Sampai ketakutan-ketakutan itu berubah menjadi sebuah kesedihan tidak berdasar. Komedinya adalah kesedihan itu memunculkan aku sangat merindukan mu. Kehadiran mu, menutup kedua telinga ku, lalu memeluk ku dengan erat dan mengatakan kalau semuanya akan baik-baik saja.
Kali ini aku kembali belajar sendirian dan kembali pada-Nya. Ketakutan lain muncul. Bagaimana jika bukan kamu? Bagaimana jika aku berhenti mencintaimu? Bagaimana jika Tuhan berkhendak untuk membalikkan hati ku dan tidak lagi bersama kamu? Padahal sudah banyak sekali alasan yang bisa ku gunakan untuk berpaling. Ketidak pastian dan hilangnya saling. Aku takut.
Tak apa, hanya sejenak. Ku harap hanya sejenak. Ku harap aku tetap di sini... hanya maju beberapa langkah karena menyayangi ku. Yaa karena aku menyayangi aku, aku maju beberapa langkah semoga kamu tidak terlewat ketika berjalan ke arah ku.
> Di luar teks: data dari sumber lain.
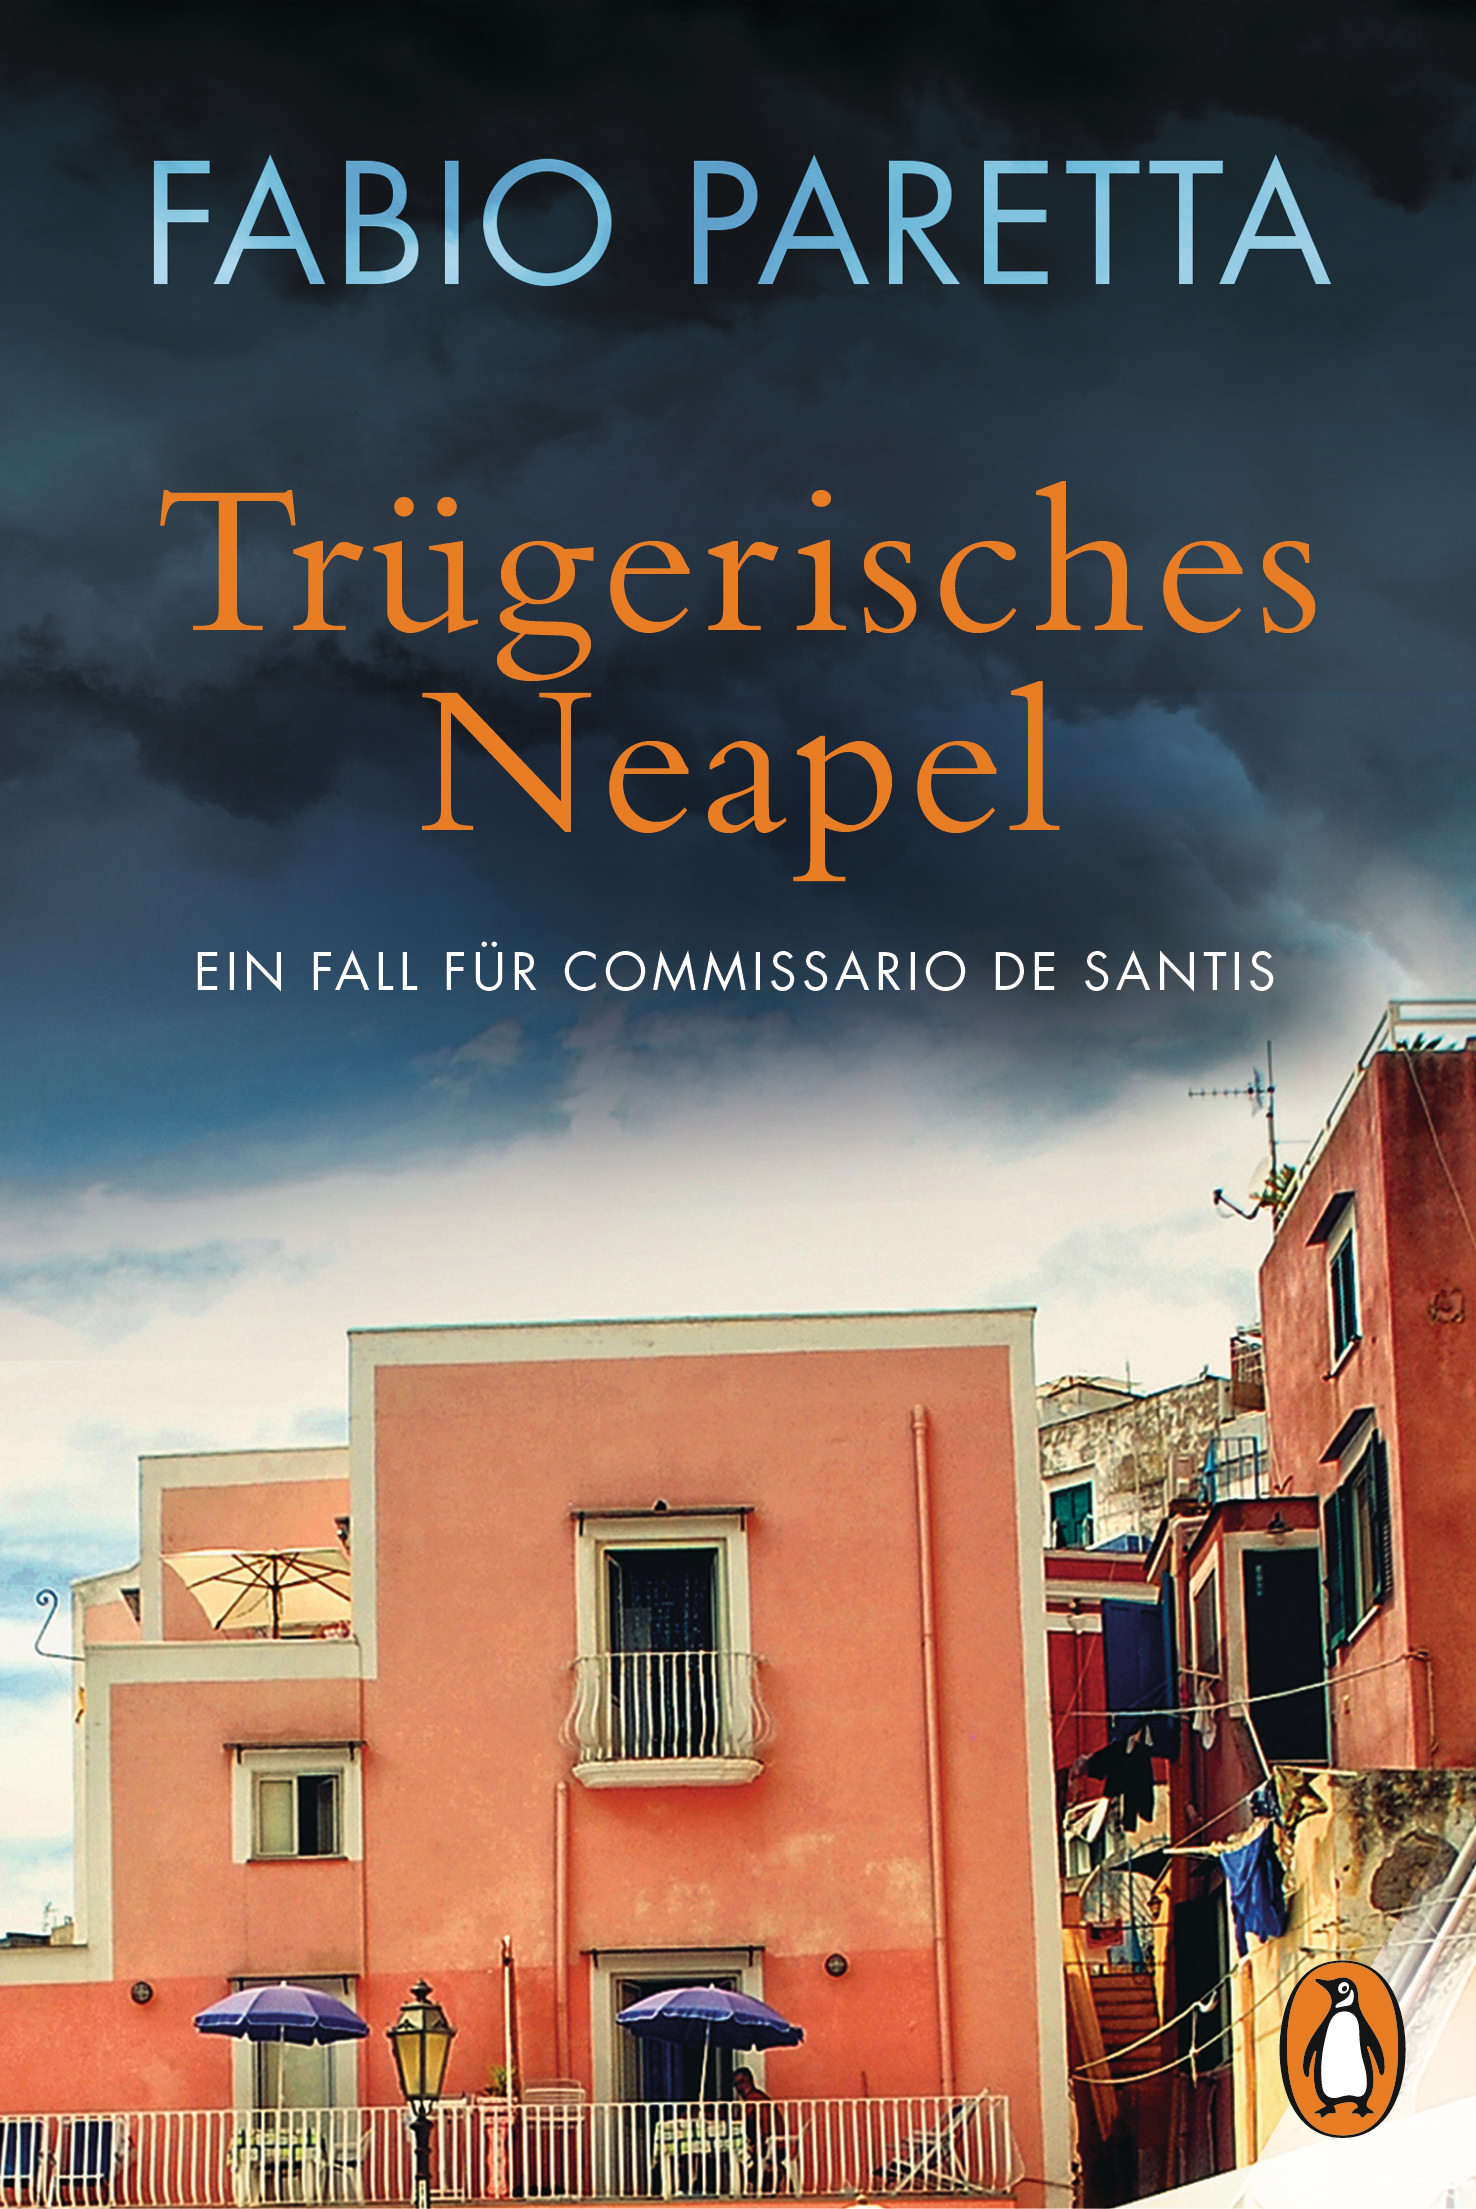 Buchcover: Fabio Paretta: Trügerisches Neapel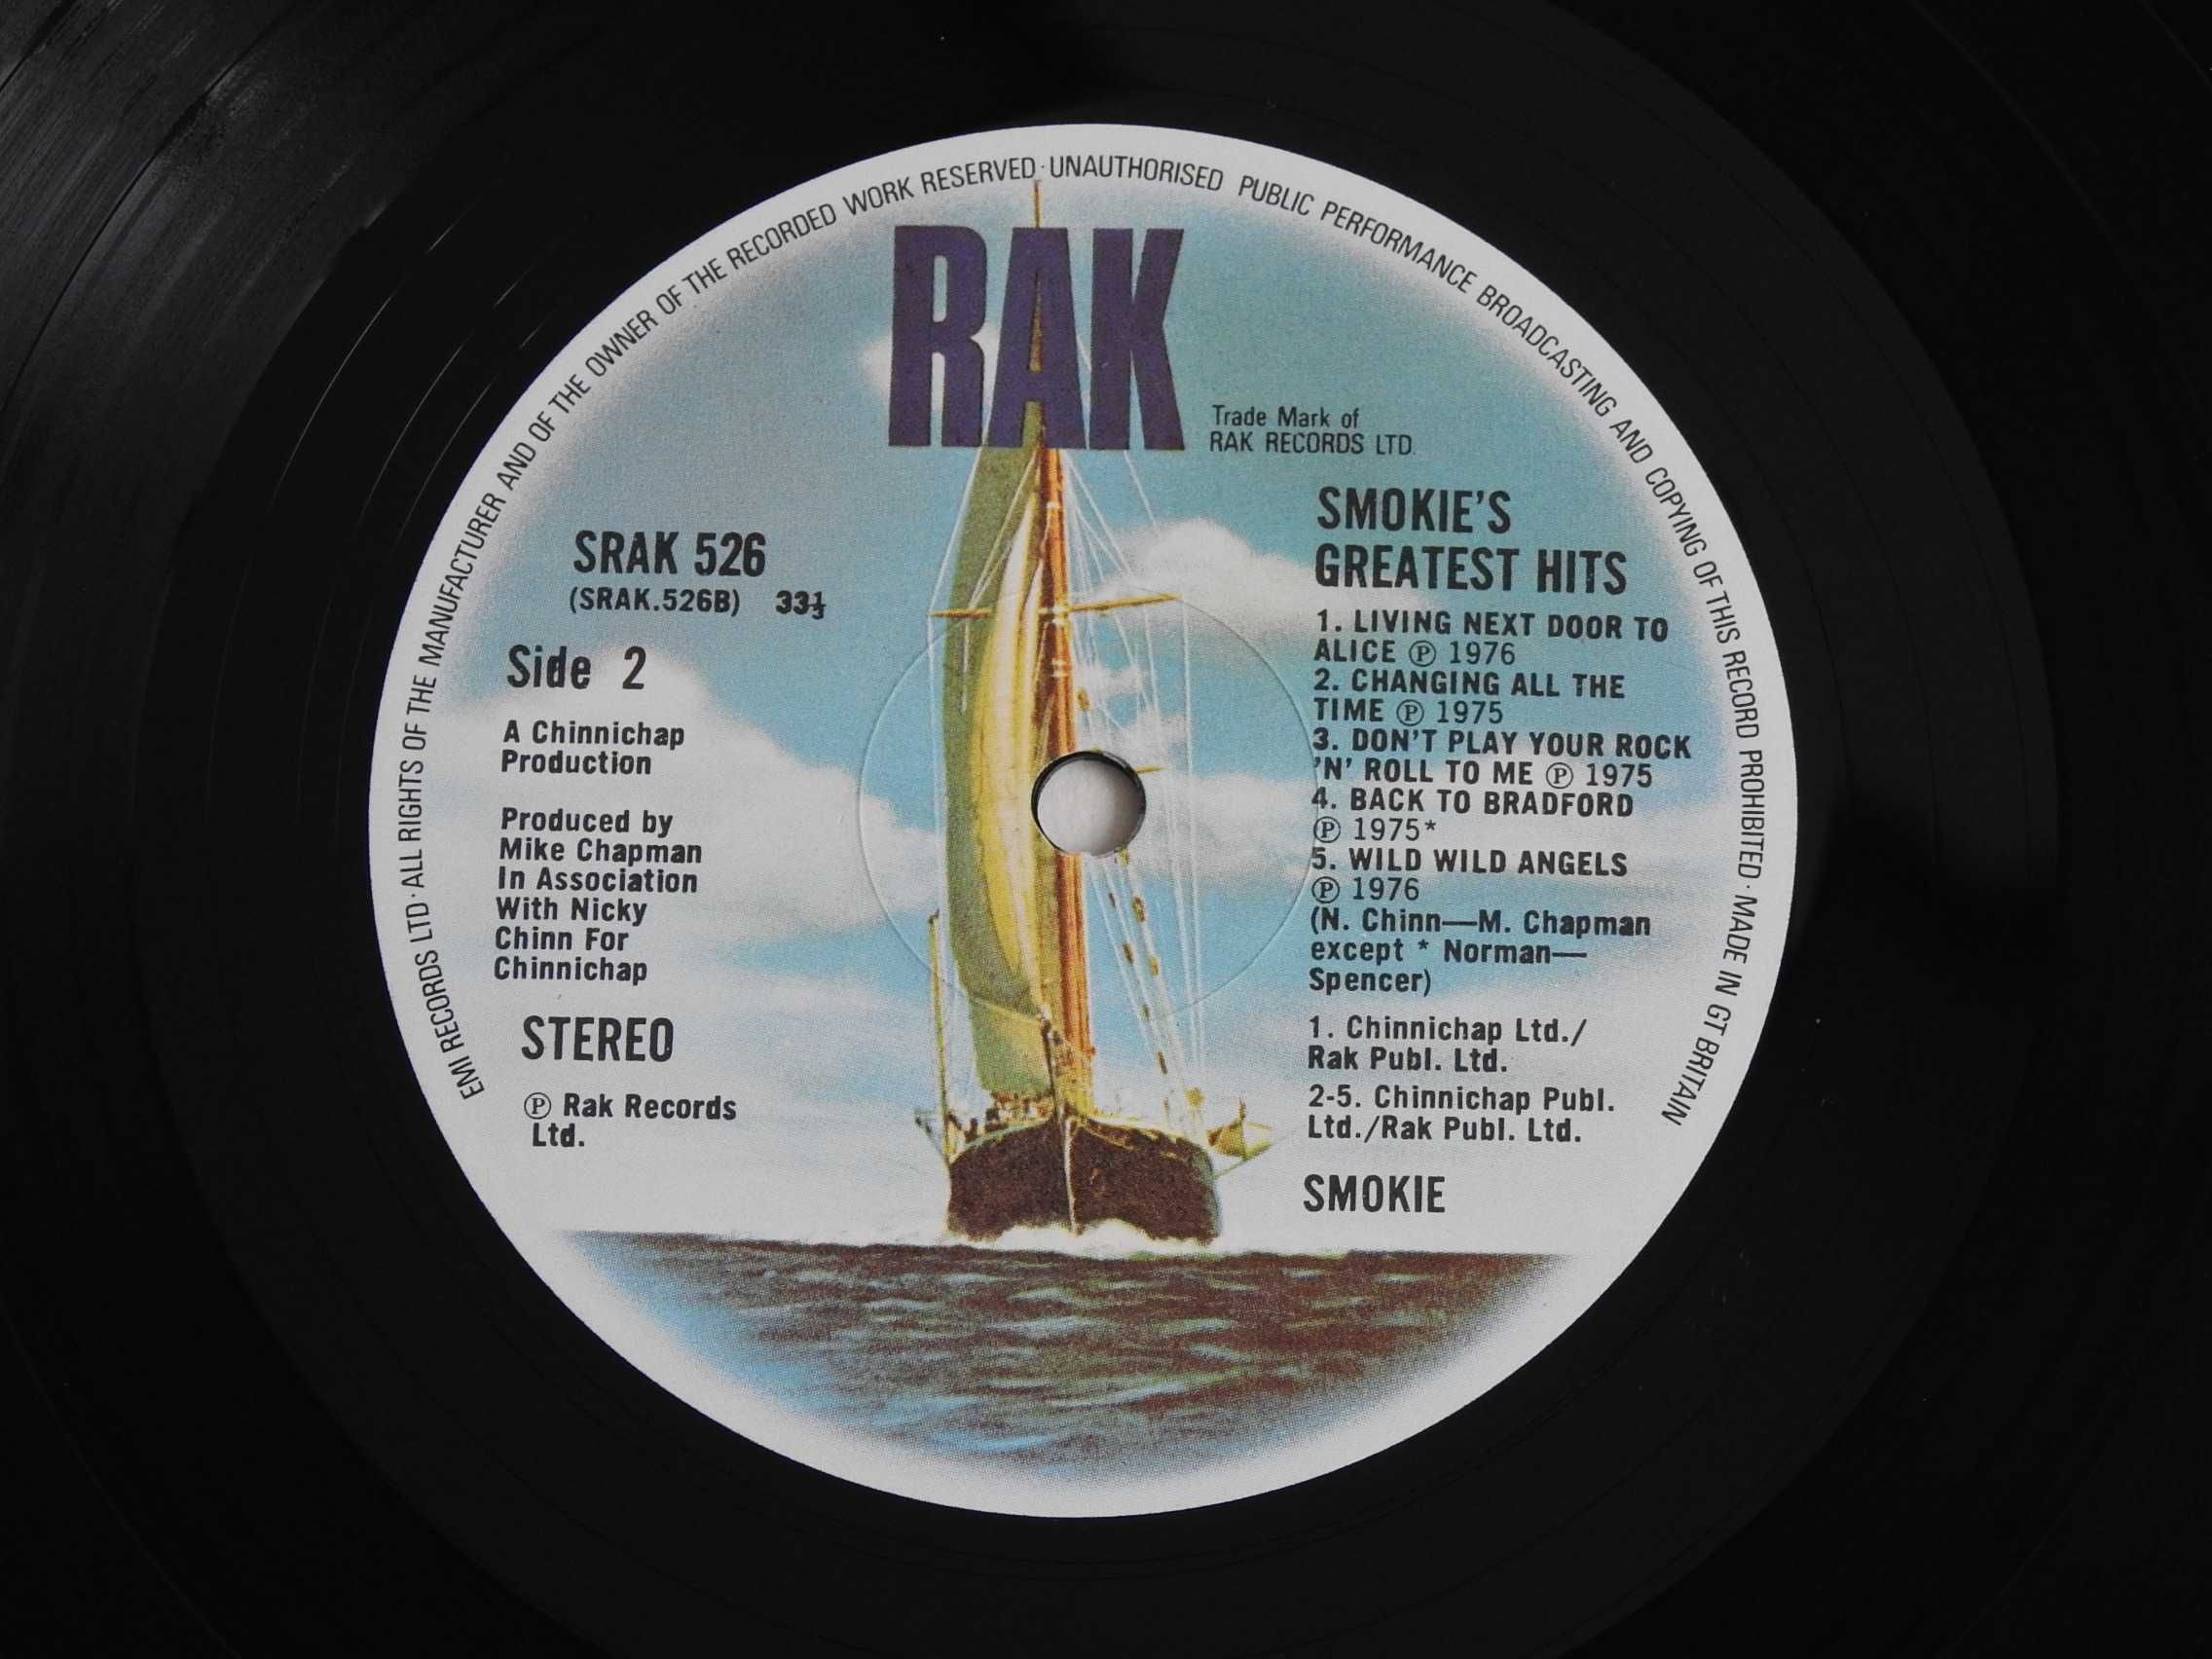 Smokie ‎Greatest Hits LP UK 1977 пластинка Британия 1 press M оригинал

Bagaimana ini? aku tidak tahu apa-apa. Aku kembali ketakutan kita tidak pernah berada di jalan yang sama. Padahal itu adalah risiko yang ku pilih.
Ku sisip kopi yang seharusnya tidak ku minum. Kopi kedua ku hari ini. Biarlah, hanya hari ini. Hari ini saja. Dunia tidak henti-hentinya berdengung di kepala ku.
Angin semakin kencang, bukan lagi elusan tangan pada pungung ku yang menenangkan. Kali ini seteguk kopi secara perlahan dan angin laut yang menyapa ku dan meyakinkan ku, jika kali ini juga akan terlewat. Aku terlewat rasa sakitnya hanya sejenak lalu kembali menjadi biasa... seperti biasa.